There is an old joke that has Bill Gates, then CEO of Microsoft, boast to the CEO of General Motors that if Microsoft built cars, they would cost $25 and get 1,000 miles per gallon. The GM CEO is supposed to have responded that yes, but then the cars would crash twice a day for no reason.

The joke has been much elaborated upon since its original appearance, to the point where Snopes has had to debunk it. I was reminded of it recently when I read that the Federal Aviation Authority ordered that Boeing 787 Dreamliners be rebooted every 21 days -- because after 22 days there is a chance that all three flight control modules might all stop working simultaneously.

In Driverless: Intelligent Cars and the Road Ahead, Columbia professor Hod Lipson and technology writer Melba Kurman, who previously teamed up to write Fabricated: The New World of 3D Printing, invoke that joke to remind us what a difficult task creating a self-driving car really is. You need, as they explain in the rest of the book, a robust operating system, navigational aids, deep (that is, neural network) learning, and copious amounts of data. To run a car, robot operating systems need real-time reaction speed, 99.999 percent reliability, and better than human-level perception. We -- and they -- can only guess the future effects of succeeding at all this.

Enthusiastic

Lipson and Kurman are enthusiastic about the future they imagine: less congestion (because cars can become smaller), less pollution, more convenience, also platooning, efficiency, shared space. They're not alone: last year, Clive Thompson pointed out in Mother Jones the massive amounts of town centre space that could be reclaimed by eliminating the need for downtown parking. Given their subject, it's arguably not their job to point out that much of the same could be had by improving public transportation -- in much of the US, public transport isn't much of an option. However, Lipson and Kurman do take the trouble to consider the benefits that may be lost if the ability to bundle your child into a self-driving car means the social aspects of every journey are lost. Personally, I worry about public health in a world where everyone is dropped off right in front of their destination: it's good to walk at least a little bit.

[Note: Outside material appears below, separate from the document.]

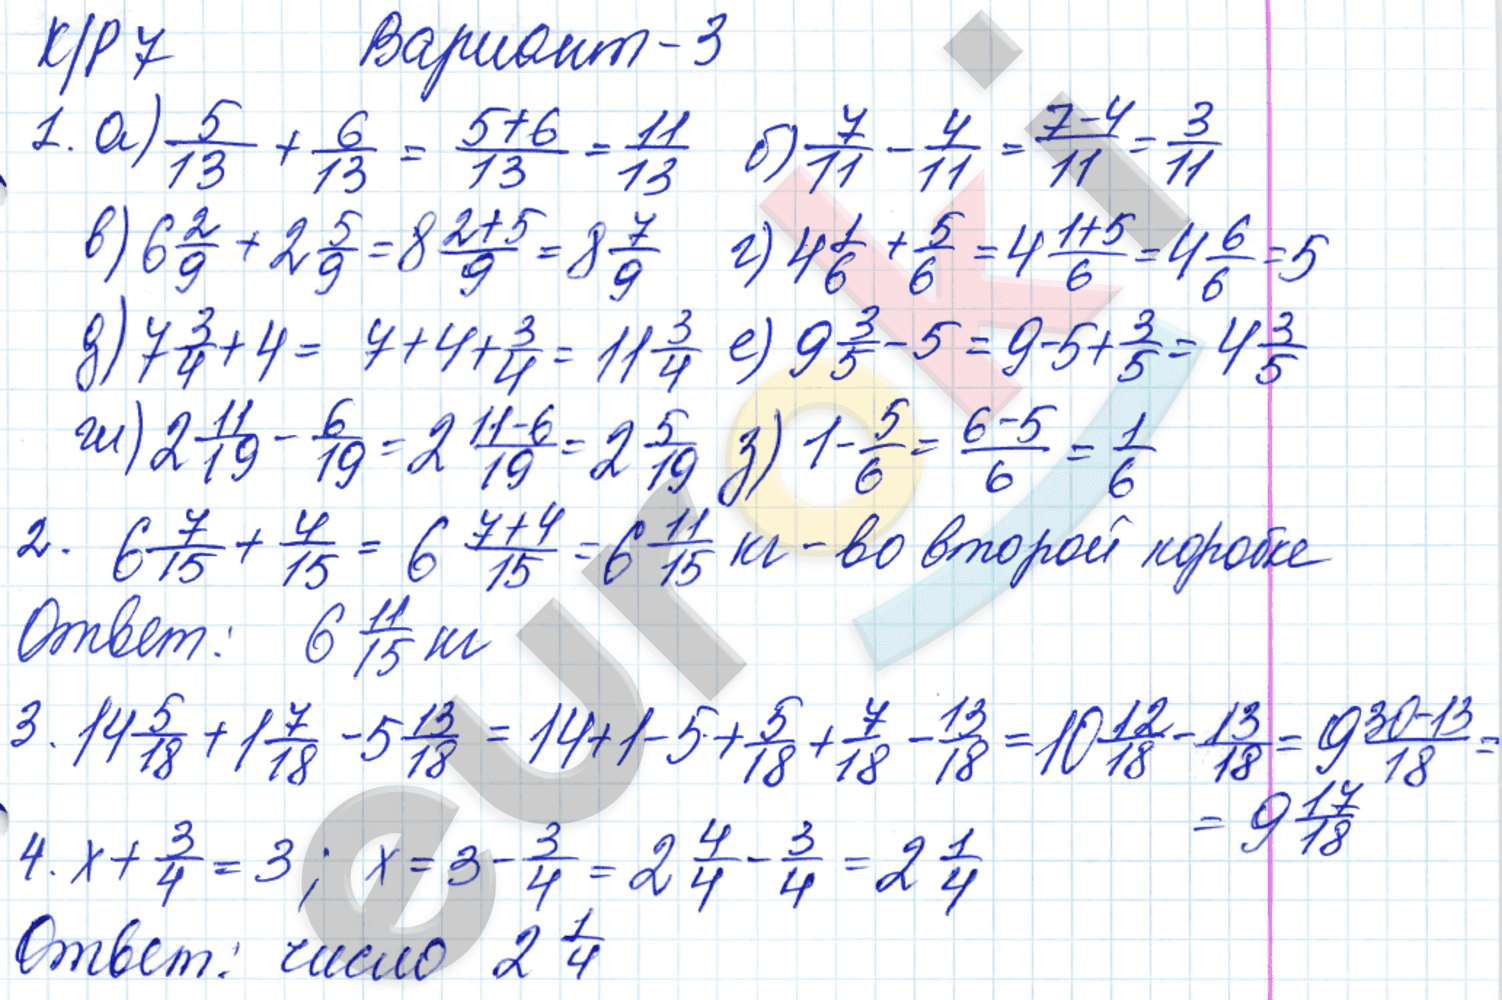 ГДЗ по математике 5 класс контрольные работы Дудницын, Кронгауз Экзамен ответы и решения онлайн КР-7. Сложение и вычитание обыкновенных дробей с одинаковыми знаменателями. Сложение и вычитание смешанных чисел. Задание: Вариант 3

The two most interesting aspects of this book for those who are already familiar with the technology are the history that Lipson and Kurman unearth, and the discussion of the battle for supremacy between car manufacturers and software companies.

Historically, many efforts focused on changing the highways: embedding magnets or electronics to guide the cars. As the authors note, this involves great expense that even a wealthy country like the US can't afford. That sort of money would be better spent on repairing and improving the existing infrastructure. In an analogy with the internet (dumb network smart endpoints), leaving the highways as they are and making the cars smart enough to navigate them is the more promising tack -- if we can get the security right.